Соскочив с брички, я подошел к нему.
– Кто здесь помещик?
– Помещик? – отвечал он, сняв шапку и почесывая голову…
– Не Мемнон ли Васильевич Пальмирский?
– Так, так… боярин.
– Дома он?
– А может, и дома. Спрошу у его милости дворецкого.
Я взбежал на крыльцо; навстречу мне вышел слуга.
Я узнал в нем слугу Мемнона. Он так обрадовался мне, что начал целовать мои руки.
– Где барин?
– В монастыре, сударь.
– Как в монастыре?
– Они изволят каждый день ходить к обедне в соседний монастырь.
– Мемнон, Мемнон! – вскричал я. – Что ж вы тут делаете?
– Бог знает что. Вот уж с полгода приехали и живем, как изволите видеть…
Вслушиваясь в слова старого Никона, я проходил между тем по комнатам, в которых воздух был заражен гнилостью; на стенах обои покрыты были пылью и паутиною. Кое-где стояли дряхлые столики и стулья, на которых из-под оборванной кожи торчала клочьями конская шерсть. Стекла в окнах от времени потускнели, сделались радужного цвета. В одной из угловых комнат стояло старое канапе, на котором раскинута была бурка и в головах лежала кожаная подушка; у стен пустые шкапы с отбитыми дверцами…
– Боже мой! неужели здесь живет Мемнон?
– Как видите, сударь, – отвечал Никон со слезами на глазах и стал рассказывать мне про барина своего.
Такой богомольный стал, что и Бог ведает, – говорил он, – посадит меня подле кровати, да и велит читать, а сам лежит, как мертвый. А как прослышит колокол в монастыре, вскочит и идет… станет на паперти, да и молится. Вот уж полгода ведем такую жизнь… Хоть бы вы уговорили его…
– Скоро он будет?
– Теперь скоро.
Я бросился на канапе, закрыл лицо руками и не мог слушать ропота старика на своего барина. Судьба Мемнона приводила меня в содрогание.

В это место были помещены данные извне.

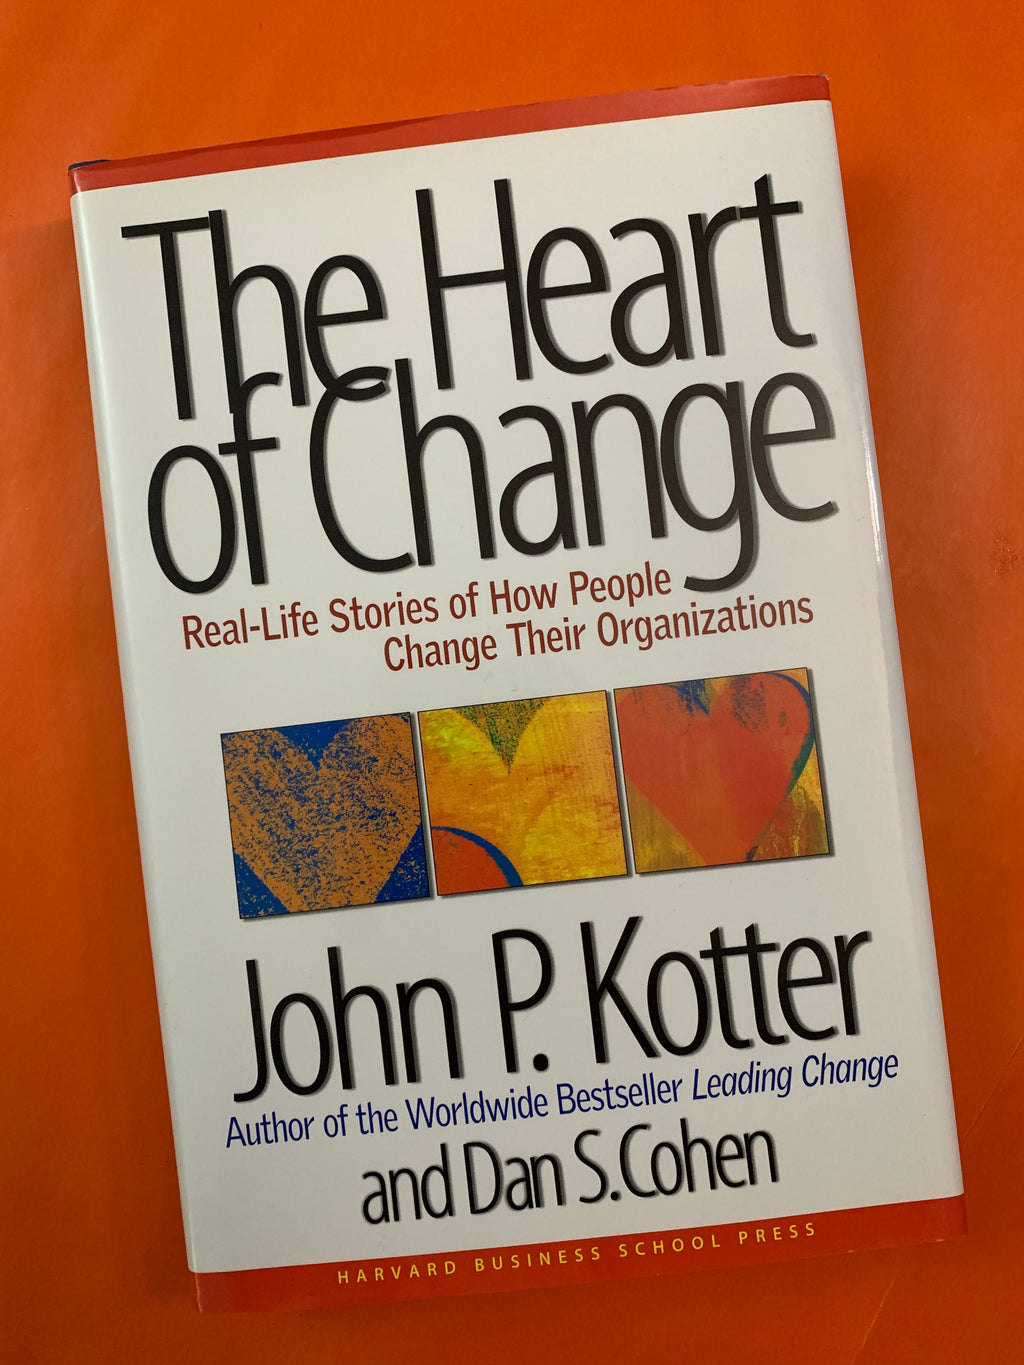 The Heart of Change: Real-Life Stories of How People Change Their Organizations- By John P. Kotter and Dan S. Cohen

– Дай мне чаю, Никон, – вскричал я, чтобы удалить его от себя.
– Чаю? – отвечал он, горько улыбнувшись. – Да мы, сударь, позабыли, как и пьют-то его!
Я взглянул на Никона и не знал, что говорить.
– Разве молочка прикажете… Барин ничего не изволят кушать, кроме хлеба да воды.
Никон вышел, а я, как полоумный, вскочил с места и заходил по комнате – думал о Мемноне, о себе, думал о прошедшем, сравнивал надежды юности с наступившею действительностью, как роскошный цвет с плодом, побитым судьбой, – искал, не осталось ли чего-нибудь для будущности, – и не находил.
– Барин идет! – вскричал вдруг прибежавший Никон. Я бросился навстречу и почти без слов упал в объятия бледного, со впалыми глазами человека, в длинном черном сертуке.
– Ну, счастлив ли ты? – спросил он меня. Безгласно смотрел я на Мемнона и снова обнимал его; слезы катились из глаз моих градом.
– Елена твоя, – продолжал он, – кому же ей принадлежать, кроме тебя, которого она любит? Я это видел. Отец прочил ее за серба Вранковича, но я откровенно сказал Вранковичу, что она не может быть его женою, потому что любит другого. Добрый серб отказался от прав на руку Елены, не имея прав на сердце.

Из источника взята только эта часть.